Single by Peter Gabriel

from the album Peter Gabriel (Car)
- B-side: "Slowburn"
- Released: 17 June 1977
- Recorded: 1976
- Genre: Rock; power pop;
- Length: 3:38
- Label: Atco; Charisma;
- Songwriter: Peter Gabriel
- Producer: Bob Ezrin

Peter Gabriel singles chronology
| "Solsbury Hill" (1977) | "Modern Love" (1977) | "D.I.Y." (1978) |

= Modern Love (Peter Gabriel song) =

"Modern Love" is a song written and performed by the English rock musician Peter Gabriel. It was released in 1977 as the second single released from his 1977 self-titled album and failed to chart. The song was also performed live on the album's accompanying tour.

==Background==
During the vocal recording sessions for "Modern Love", producer Bob Ezrin thought that Gabriel's delivery of the line oh the pain, modern love can be a strain sounded "too polite", so he offered the singer three more attempts to sing the line. Once this proved unsuccessful, Ezrin asked engineer Brian Chistian to hoist Gabriel up a ladder and duct-taped his armpits to one of the pillars in the studio. "We rolled the tape and he was up there arms flailing and screaming 'Ahh, the pain, Modern Love' and we got it."
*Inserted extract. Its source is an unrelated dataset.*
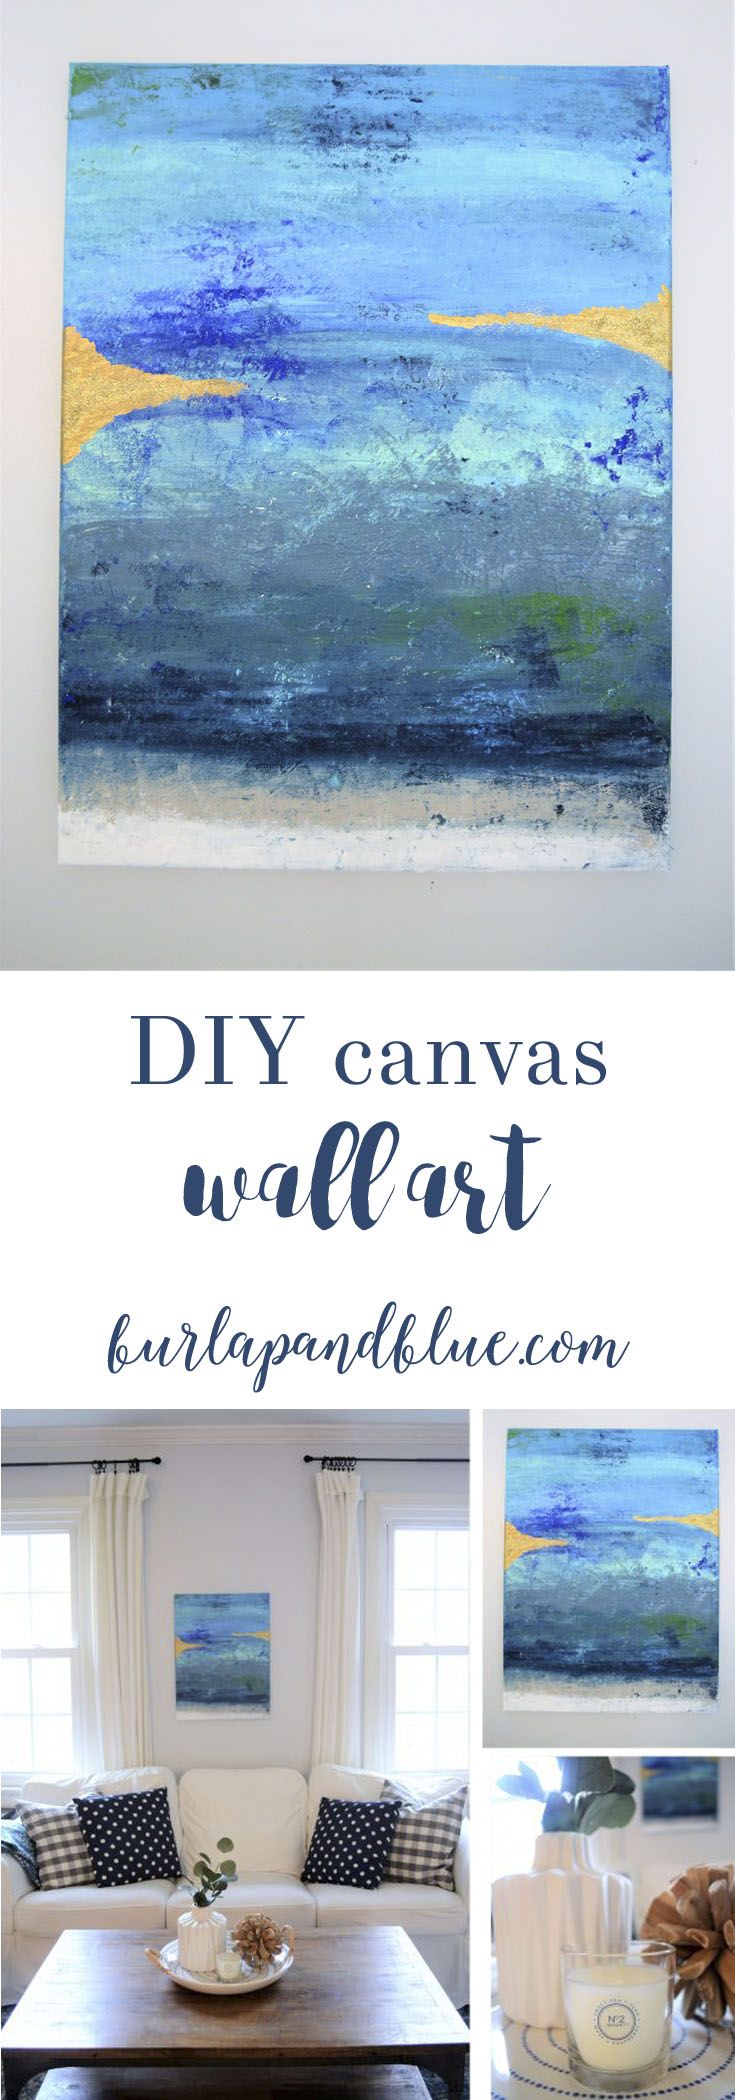 Canvas Painting Tutorial {How to Paint a Canvas}

Describing "Modern Love", Gabriel said that it had a "humorous lyric about a romantic in a world of machines." The song's lyrics include sexual innuendos and references to Roman mythology and classical art, including Leonardo da Vinci's Mona Lisa and Sandro Botticelli's The Birth of Venus.

The music video was directed by Peter Medak, who Gabriel selected after watching The Ruling Class. Parts of the music video were filmed at a shopping centre in Shepherd's Bush on moving escalators, which Gabriel thought were "of the future at the time."

==Release==
In June 1977, "Modern Love" was lifted as the second single from Gabriel's debut solo album with "Slowburn" as the B-side. Radio & Records listed the song at number 19 on its English Airplay chart in the 8 July 1977 edition of the publication. The single did not appear on any all-genre chart that encompassed both sales and airplay. Gabriel had originally wanted to release "Modern Love" as the lead single instead of "Solsbury Hill". When asked by Melody Maker why the single failed to match the commercial performance of "Solsbury Hill", the previous single, Gabriel posited that most people who would have otherwise purchased "Modern Love" already had the song on his first solo album. He said that the BBC was unwilling to promote the single despite a willingness for some radio stations to play it. The artwork on the disc featured Gabriel nude in a Vitruvian Man pose with the spindle hole obscuring his crotch.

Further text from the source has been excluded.